Scam playbook
Major-oil executive impersonation (Chevron / Shell / Aramco 'CEO')
A counterparty claims to be a named executive at a major (Chevron, Shell, Aramco, ExxonMobil) to lend a fabricated deal instant credibility, frequently backed by a fake or doctored LinkedIn profile.
How it works
- 1.A 'Group CEO' or 'allocation holder' offers cargo-scale volume directly, bypassing the major's actual trading desk.
- 2.The claimed role contradicts the major's publicly documented leadership (10-K filings, the company's own leadership page).
- 3.Supporting 'entities' are unregistered shells or, in real cases, names lifted from fiction.
Red flags
- A major's executive selling product directly to a stranger via WhatsApp/LinkedIn.

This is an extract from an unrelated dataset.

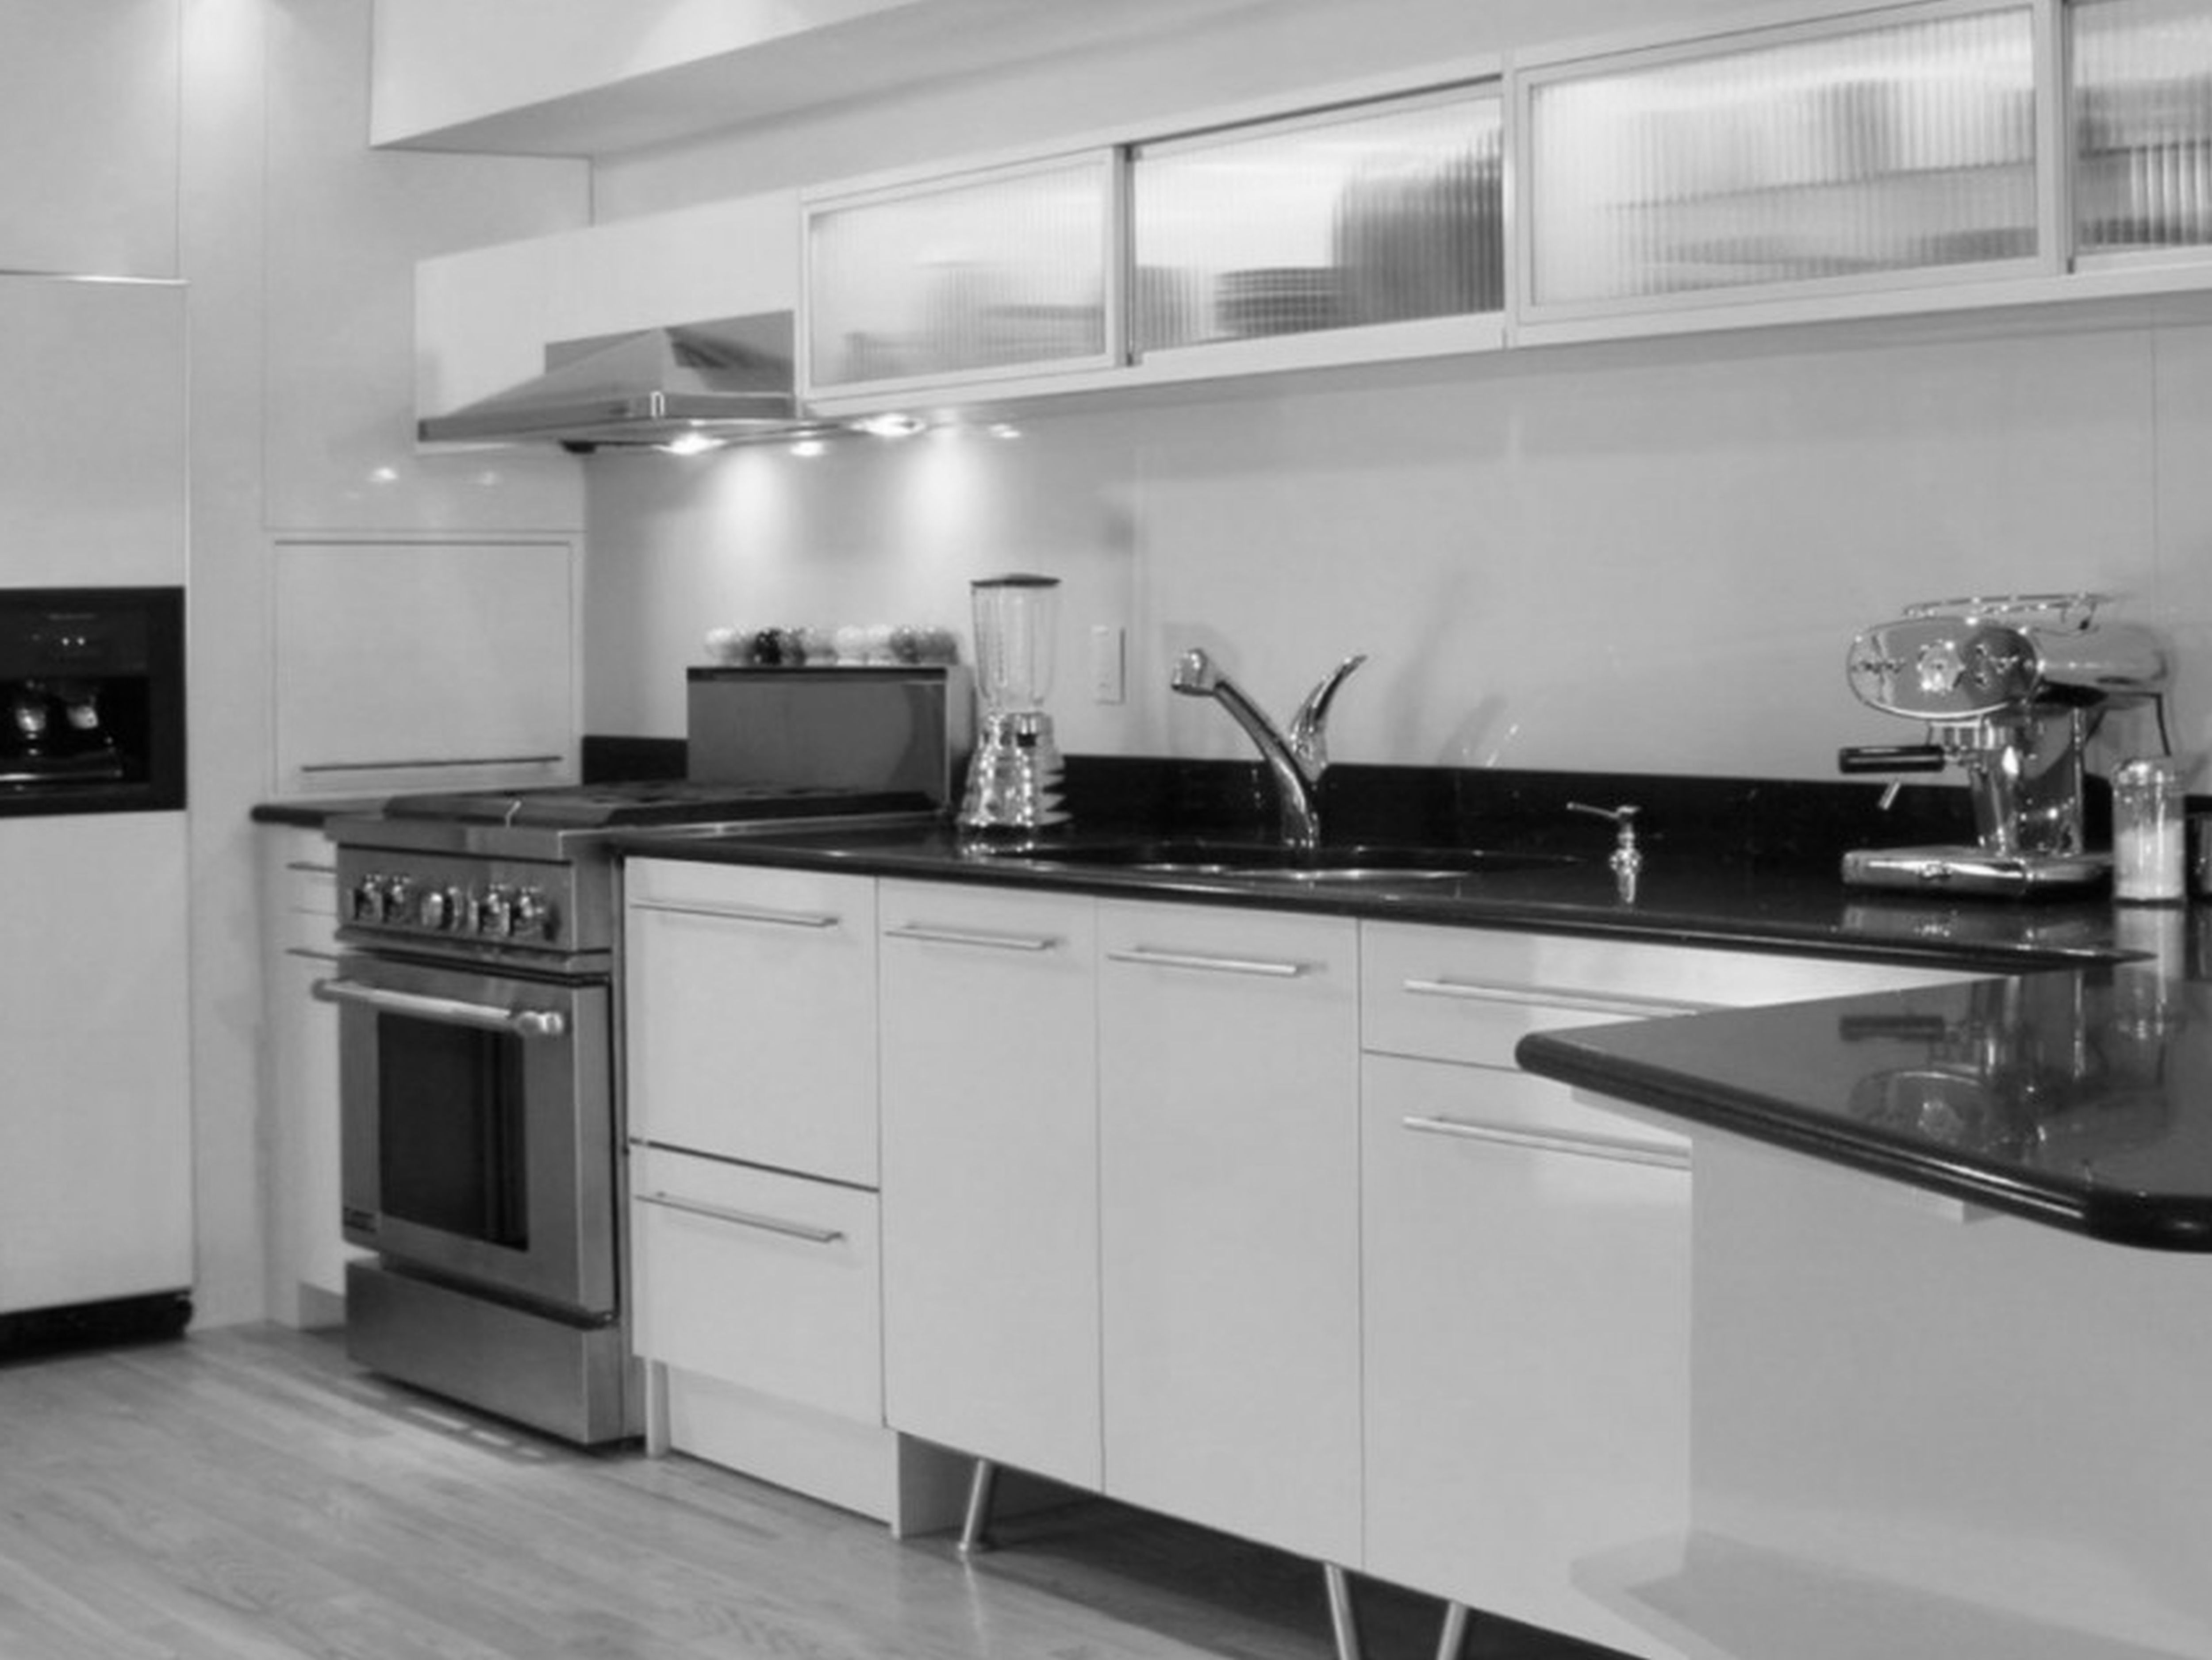 Best Kitchen Gallery: Modern White Gloss Kitchen Cabi S Sodakaustica of Modern White Gloss Kitchen Cabinets on rachelxblog.com
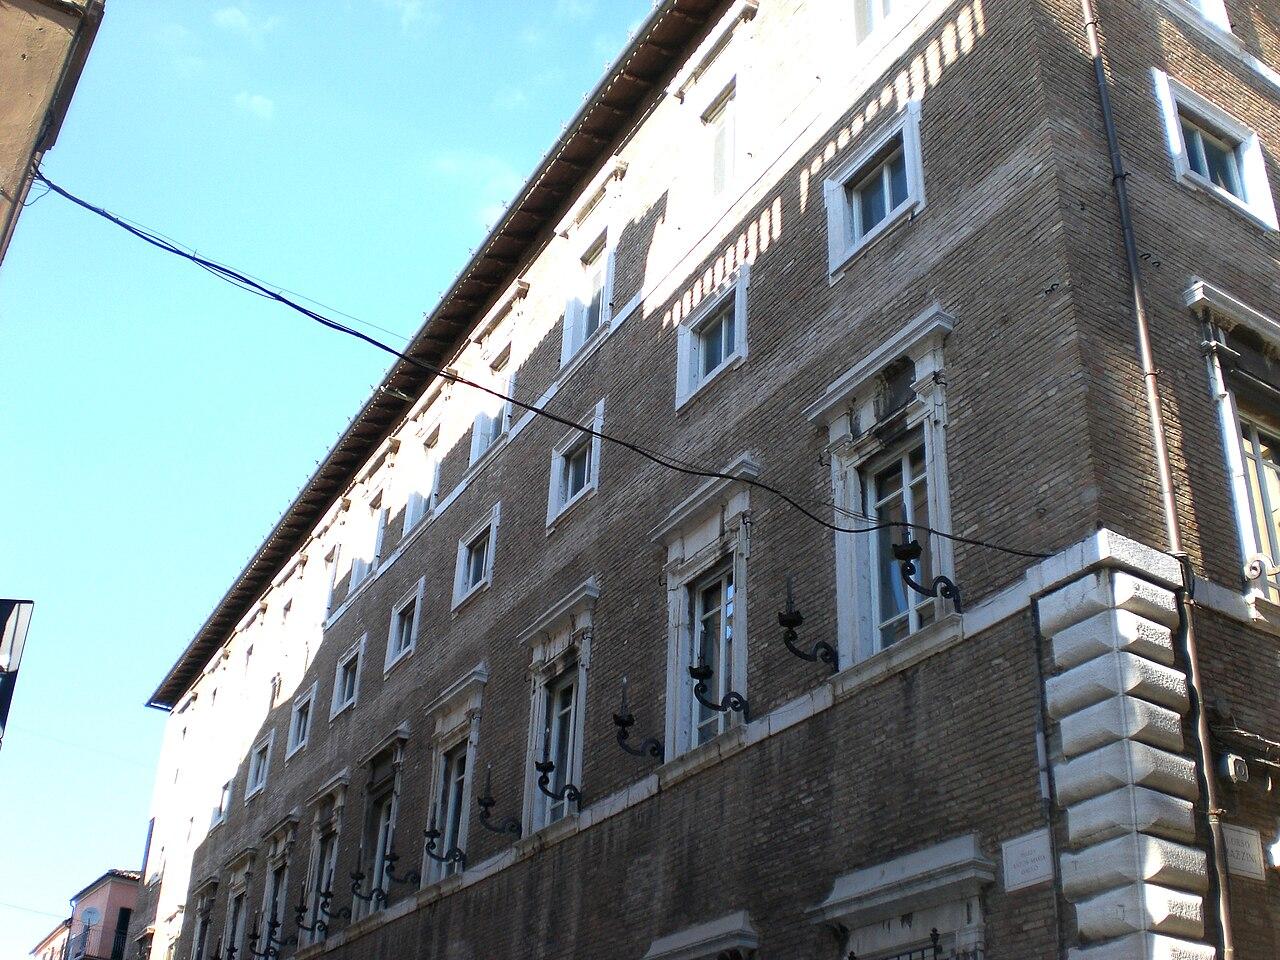 Ficheiro osimo palazzo wikipedia a for Palazzo 24

- Claimed title that does not match the company's published leadership.
- Employer or JV entities with no corporate registration.
What the real version looks like
Majors sell through named trading entities and verified processes, not via an executive's personal DM. A 30-second check against the company's published leadership usually settles it — this is exactly the pattern OilFlow's first investigated cluster exposed.
This page describes a general fraud pattern for educational purposes. It is not an accusation against any specific person or company. A clean check is not a clearance — documentary KYC and licence verification still apply.